Steve:My point was that while a tractor may be interesting, it is not on the 
way to building a supercomputer. 
  A robot that can navigate any terrain of a given kind is a general machine - 
something that doesn't exist.

It's called a farm tractor. Once you put them in gear, they can crawl over 
almost anything.

Steve,

This is an awesome remark - you don't understand AGI, period.

A tractor is not an AGI - it doesn't work without a human driver.; The human is 
the AGI.  [That's about the most basic error you can make in AGI].

There is no such thing yet as a general machine - a robot for example that can 
navigate "blind" *any* terrain within a broad band  - and not just, as present, 
one terrain that has been carefully preplotted for it and that it is totally 
familiar with.

Or a robot that can *handle* any object "blind". Produce a robot that can do 
that and you have the beginnings of an AGI and we can move on from there. That, 
very crudely, in principle, is how evolution did it  That is how all 
technological evolution proceeds.

"Uploading" is neither a practical problem nor an AGI problem - it is a fantasy 
problem for the extraordinarily distant future, and superwoolly

And your entire debate about the relevance of maths for AGI is fantasy through 
and through. Get practical. Start with the end-problems.

AGI investors will quite rightly want to know what your machine can *do*, not 
what maths it uses.Serious invention (as distinct from pure fantasy 
discussions) begins from the practical end-problems/tasks a machine has to be 
designed for. 

From: Steve Richfield 
Sent: Thursday, July 12, 2012 5:44 AM
To: AGI 
Subject: Re: [agi] Analog Computation


Mike,


On Wed, Jul 11, 2012 at 6:01 PM, Mike Tintner <[email protected]> wrote:

  It's weak AGI, Steve. You have to start somewhere, and you have to start 
simple.

My point was that while a tractor may be interesting, it is not on the way to 
building a supercomputer. 

  A robot that can navigate any terrain of a given kind is a general machine - 
something that doesn't exist.

It's called a farm tractor. Once you put them in gear, they can crawl over 
almost anything.

  An extraordinary breakthrough.

  Now here's a simple bet for you - you can't give me a single practical 
example of what the AGI you are talking about will do.

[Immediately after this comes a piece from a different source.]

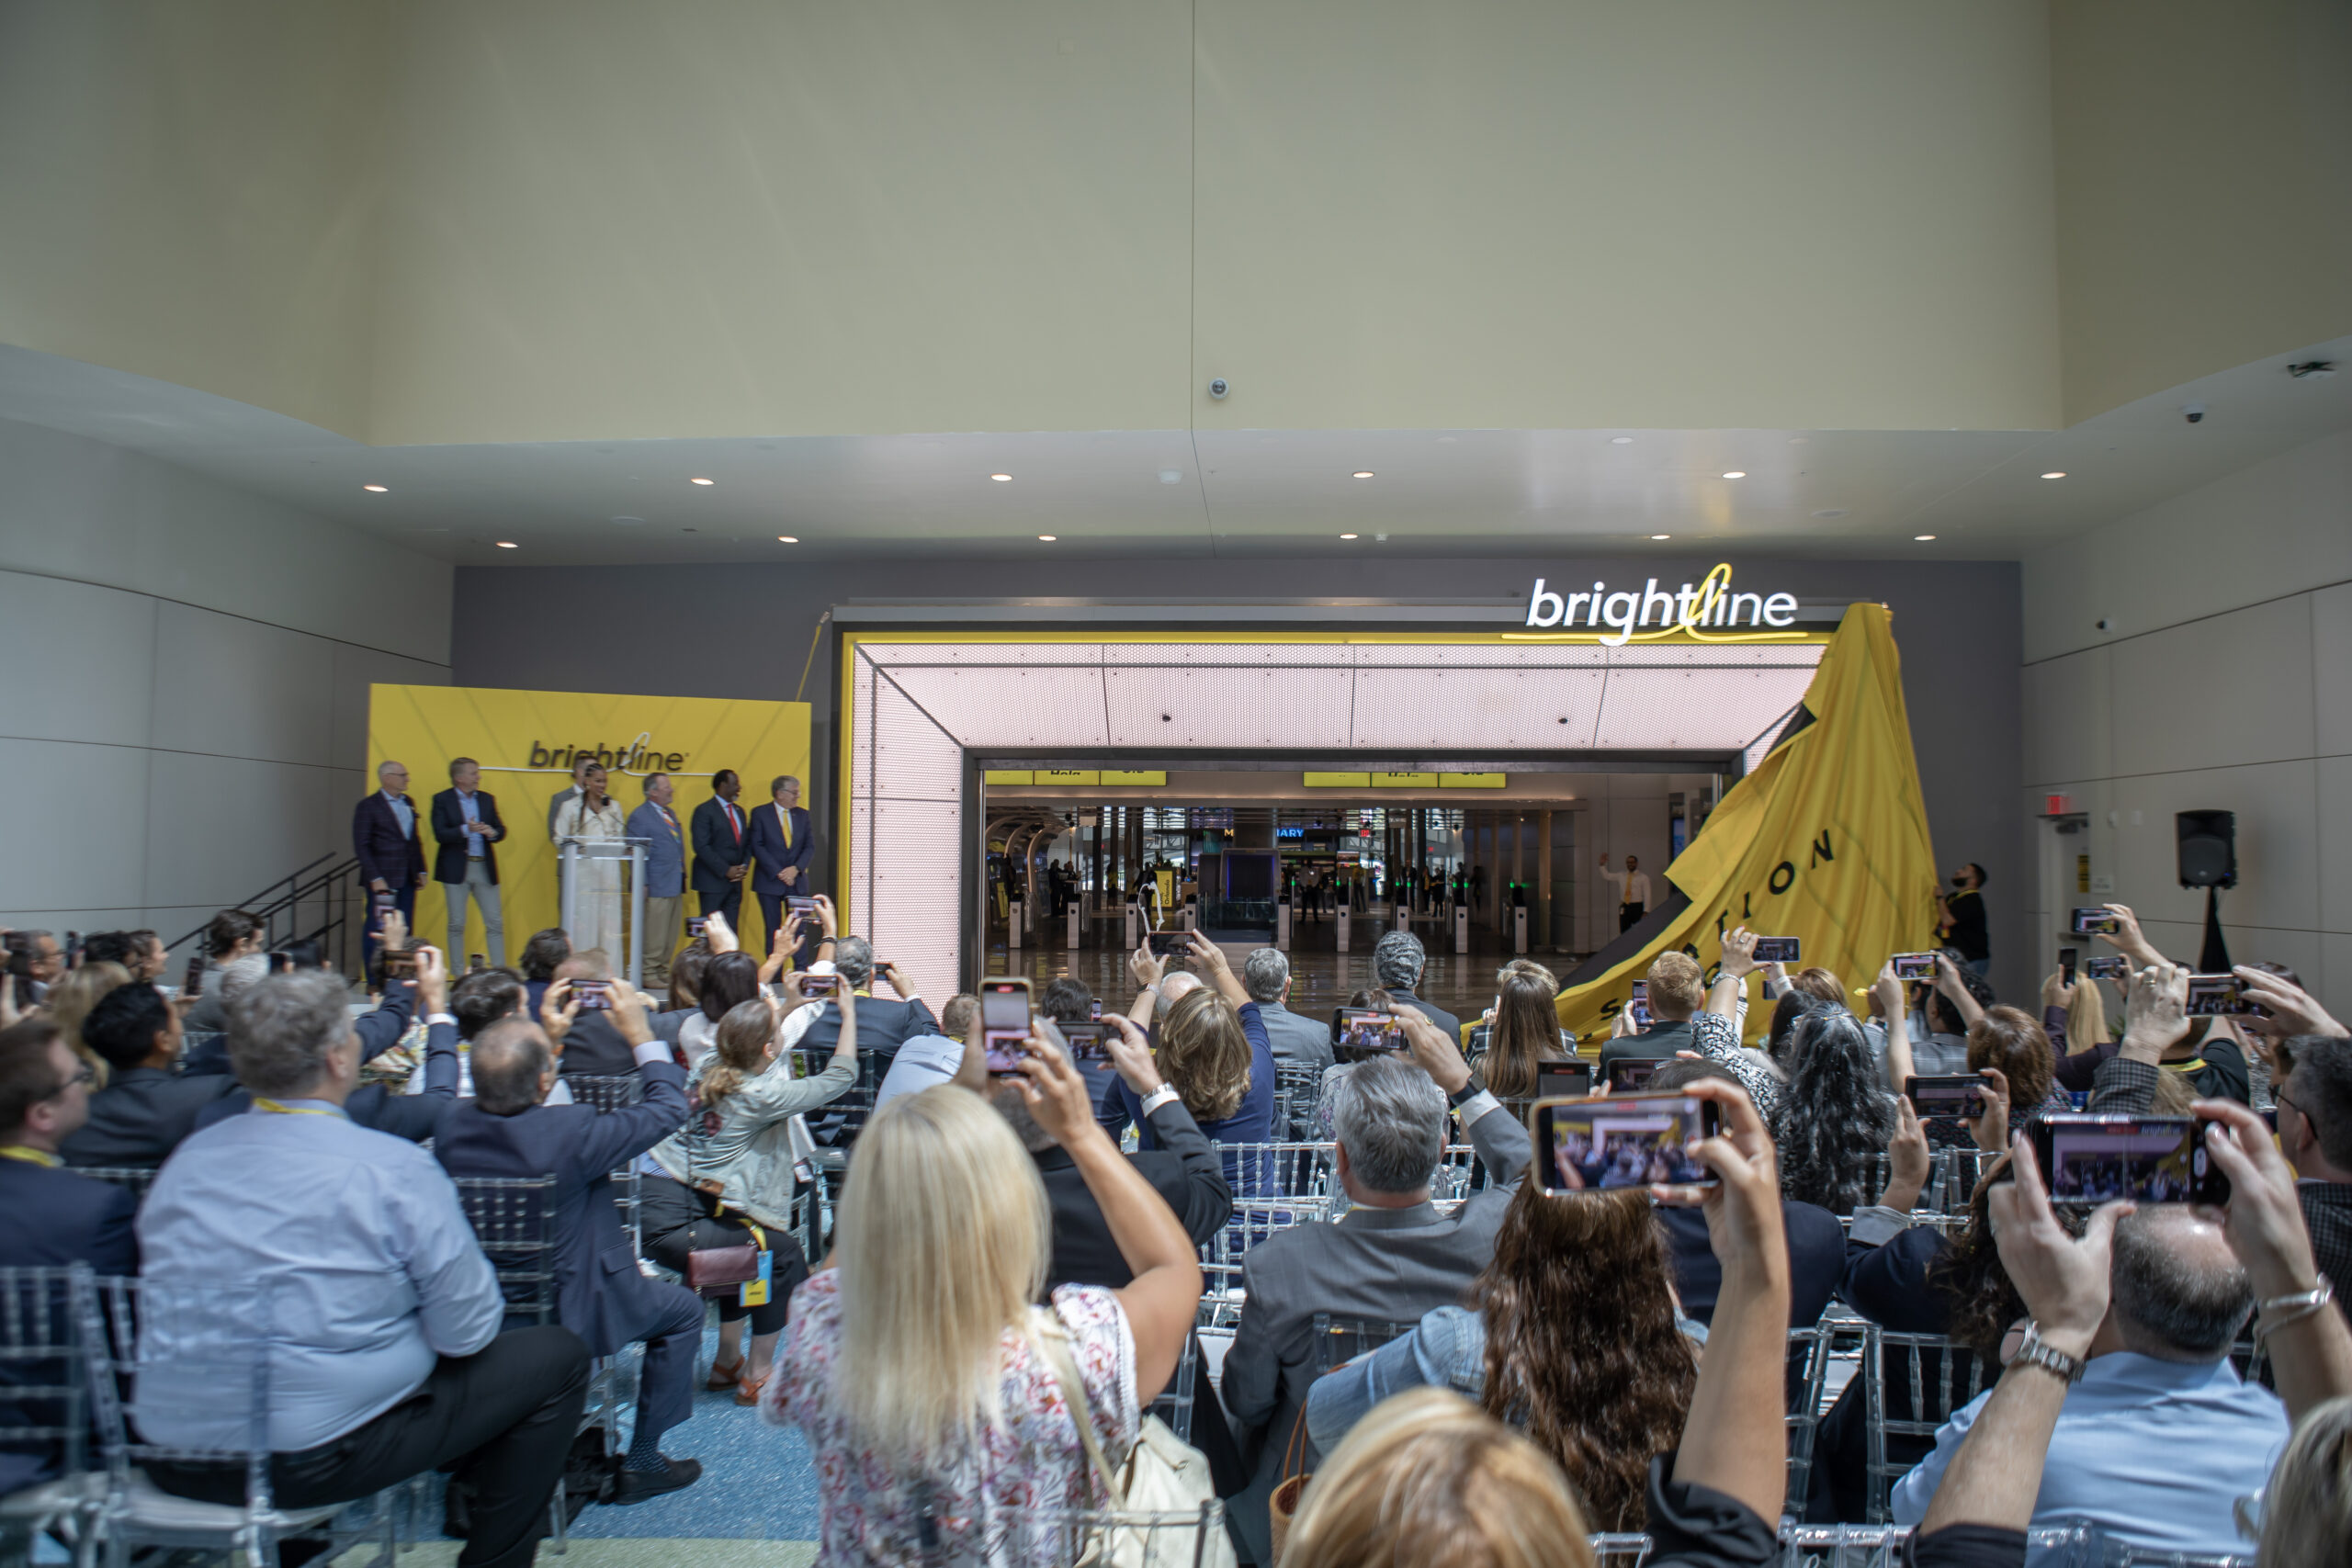 More than 300 invited guests took part in the Brightline Orlando Station reveal

Uploading/downloading may be worth MORE than the combined wealth of the entire 
earth!!! How? because people would borrow on their futures to be "alive" to 
have a future. 

  You're talking about this-and-that maths, but you haven't got a clue about 
any practical problems - demonstrably AGI problems - that your maths would 
apply to. 

There are some challenges with the concept of "practical". Our world already 
has enough good machines for us all to live a good life. Beyond that, you are 
looking more at "valuable" than "practical", where the measure is whatever 
people will pay money for, regardless of what the item does. Here, 
uploading/downloading is clearly the really BIG winner.

Given the financial success of cryonics, you don't have to actually have it 
working for it to be valuable - just have an apparently clear development path.